The pseudo-code for the L-BFGS algorithm is as follows:

the classification of subclasses of material data can accurately analyze the problems in the data, such as case/full half angle, connector, unit non-uniformity, similar pronunciation and the like, carry out a reasonable data preprocessing process, standardize and standardize the data, convert the data into a characteristic vector form, and classify the data by adopting a logistic regression + L2 regularization + L-BFGS optimization method. The above description is only for the preferred embodiment of the present invention, but the scope of the present invention is not limited thereto, and any person skilled in the art should be able to cover the technical solutions and their inventive concepts of the present invention with the equivalent alternatives or modifications within the scope of the present invention.

Claims

1. A method for classifying names of subclasses corresponding to long description of material data comprises the following steps:

s1: raw material data: reading data of the original material;

s7: and (4) evaluating the classification result: the classification result is evaluated by a classification result metric.

2. The method for classifying names of subclasses corresponding to long description of material data according to claim 1, wherein said S2 comprises the following steps:

s21: unifying the original material data unit and the connector;

s22: brackets and slashes are removed;

s23: after Chinese word segmentation, text-to-pinyin conversion is carried out;

s24: upper case to lower case and full angle to half angle.

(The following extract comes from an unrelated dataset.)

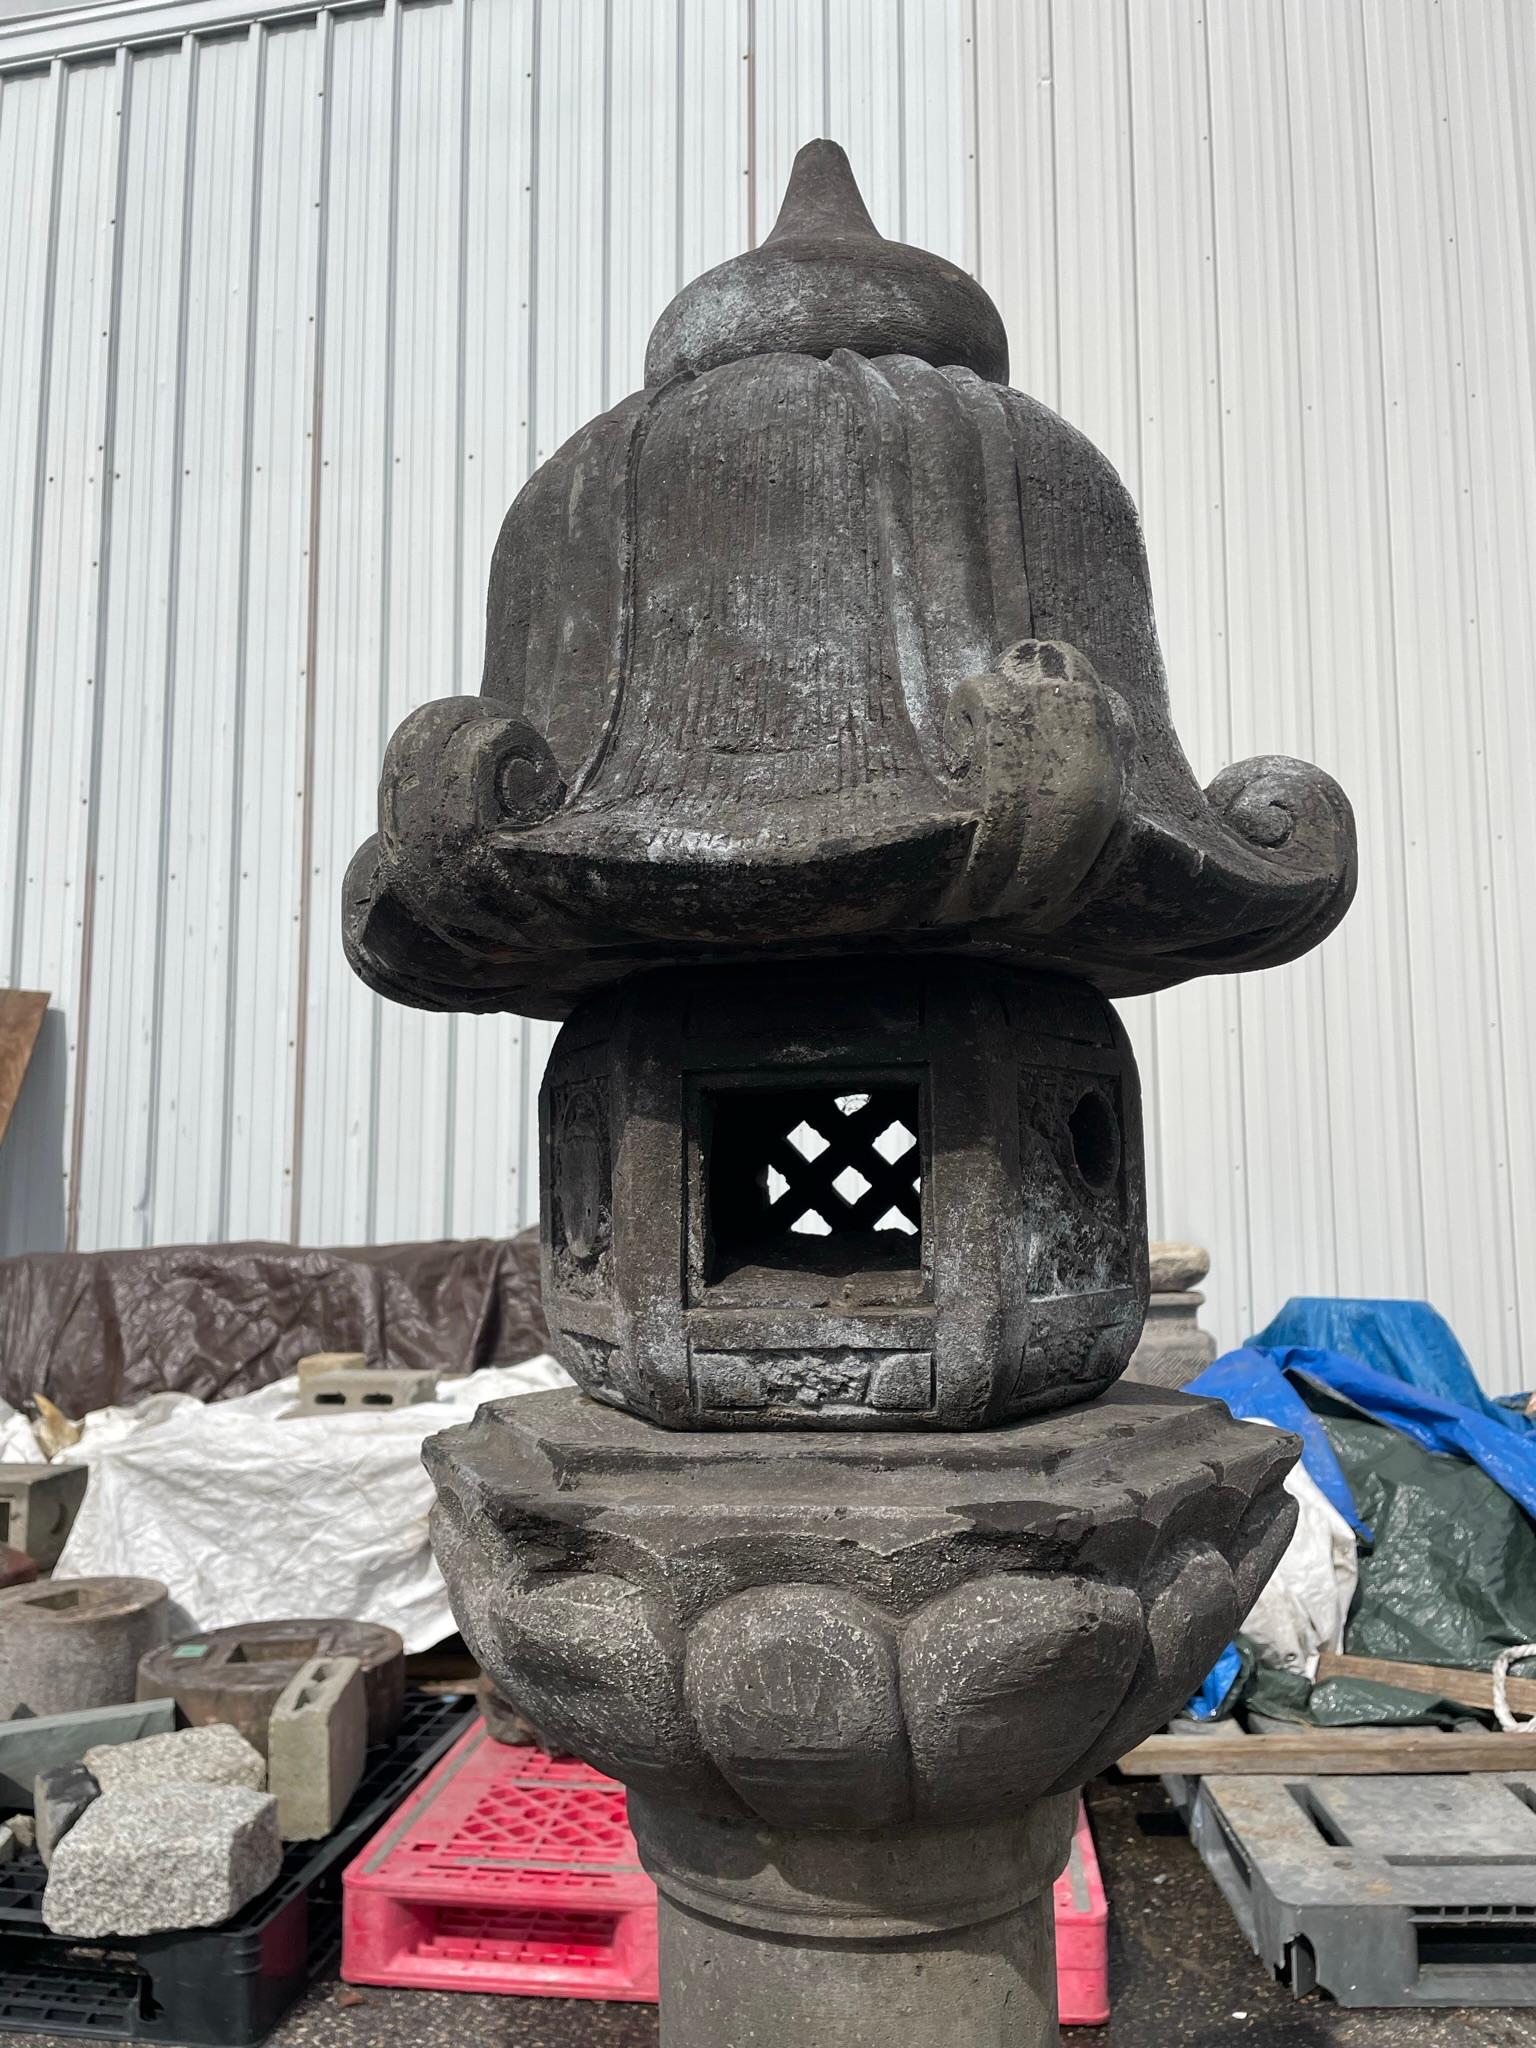 japanese stone lantern

3. The method for classifying names of subclasses corresponding to material data length description according to claim 1, wherein the original material data in S3 is material data length description and subclass name.

4. The method for classifying names of subclasses corresponding to long description of material data according to claim 1, wherein in step S4, the sample set is divided into training set samples and testing set samples in a ratio of 7: 3.

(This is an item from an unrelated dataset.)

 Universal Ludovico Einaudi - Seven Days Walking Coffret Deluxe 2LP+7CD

5. the method for classifying names of subclasses corresponding to material data length descriptions according to claim 1, wherein the material length descriptions in S5 are material text data, and the feature vectorization method is tf-idf algorithm.

6. The method for classifying names of subclasses corresponding to long description of material data according to claim 1, wherein the classification method in S6 includes logistic regression, naive Bayes, decision trees, support vector machines, K neighbors, random forests, GBDT, XGBoost, neural networks and the like.

7. The method for classifying names of corresponding subclasses described in claim 1, wherein said measures of evaluating classification results in S7 include accuracy, recall rate and F1 value.